Хук ван Холанд пахнет морем. Он весь нарисован акварелью на мокром шелке. Ничто так не передает оттенок воздуха, как слайдовая пленка. Если в Москве воздух светлый, в Ленинграде – голубоватый, на Украине – желтый, то в Голландии – мокро-бирюзовый. На вокзале вместо носильщиков – тележки. Грузись и езжай. Тяжело? Персонал и попутчики будут сражаться за возможность помочь. В Берлине ни тележек, ни носильщиков, ни помощников.
Двери станции автоматически раздвигаются, когда подходишь.
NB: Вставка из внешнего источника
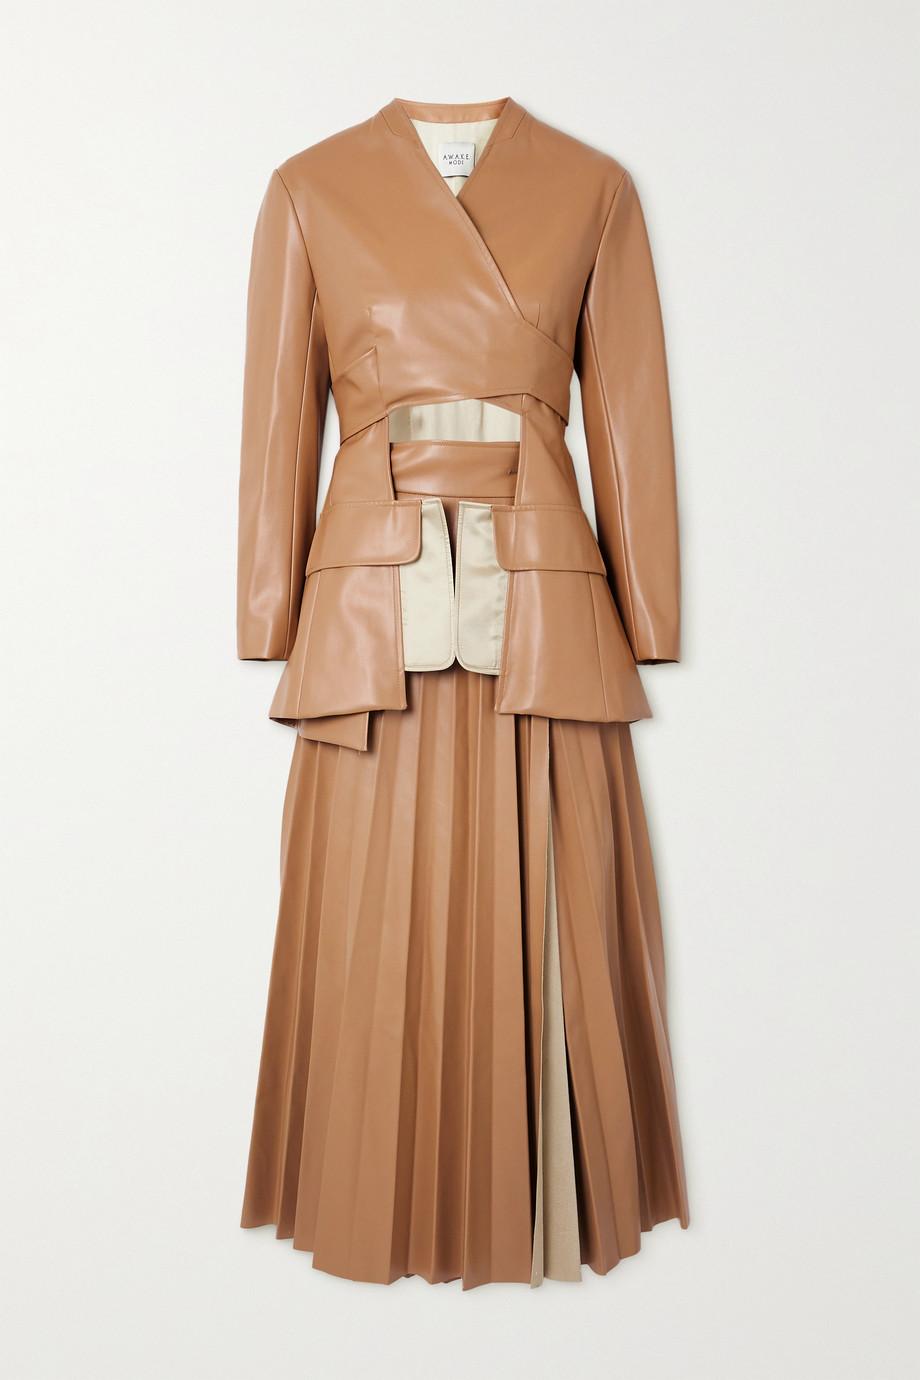 A.W.A.K.E. MODE Cutout pleated faux leather wrap maxi dress

К молчаливому ужасу персонала, Паша и Петя успевают войти в них и выйти раз триста. Голландские гульдены ярко-красные, зеленые, желтые, синие без всяких помпезных портретов. Веселые, как кубики. В справочном бюро не врубаются в мой вопрос «как доехать до Амстердама?» ни на английском, ни на немецком. Поменяв деньги, звоним некой Люси, хранительнице музея Святого Петра. Люси обстоятельно объясняет, что проезд до Амстердама и обратно будет стоить примерно все наши деньги. Развращенные бесплатностью советских железных дорог, перекашиваемся от обиды. Ехать-то всего несколько часов! Жаль. Ну, тогда хоть Роттердам разглядим толком.
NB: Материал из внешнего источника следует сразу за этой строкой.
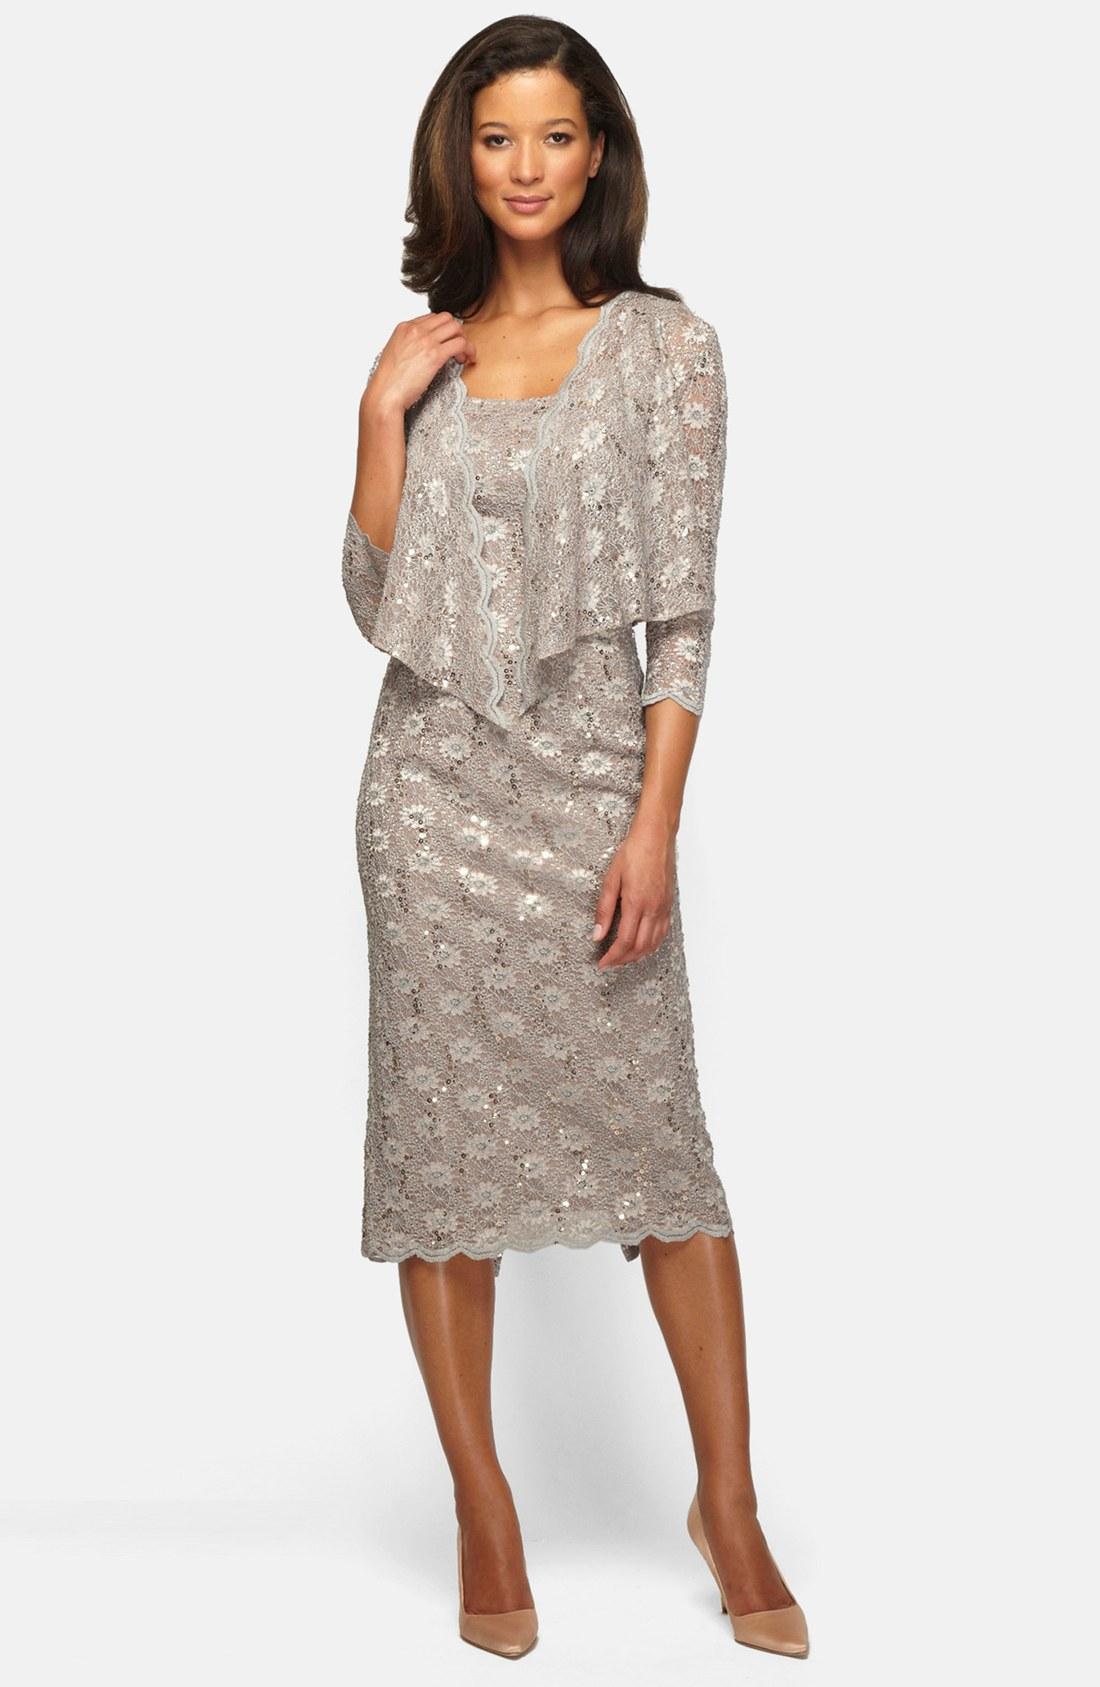 dress 2 impress jefferson valley mall

Однако к этому моменту наше невнятное поведение на станции становится событием. Дети, катающиеся на тележках с багажом наперегонки, родители, отчаявшиеся получить какую-либо информацию, вызывают у персонала сначала недоумение, потом ужас и, наконец, жалость. Из Берлина приехало человек тридцать, все на виду, и все, кроме нас, не нуждаются в опеке. Станция уютная, маленькая, у персонала лица, как будто вы приехали к ним домой. На нас бросается команда заботливых людей в форме и, щебеча, начинает запихивать нас в пароход на Лондон. Руками и глазами мы пытаемся объяснить, что хотим оставить вещи в камере хранения и рвануть в Роттердам. Они приходят в ужас, решив, что мы заблудились и лучшее, что можно для нас сделать, – насильно засунуть в пароход по нашим билетам.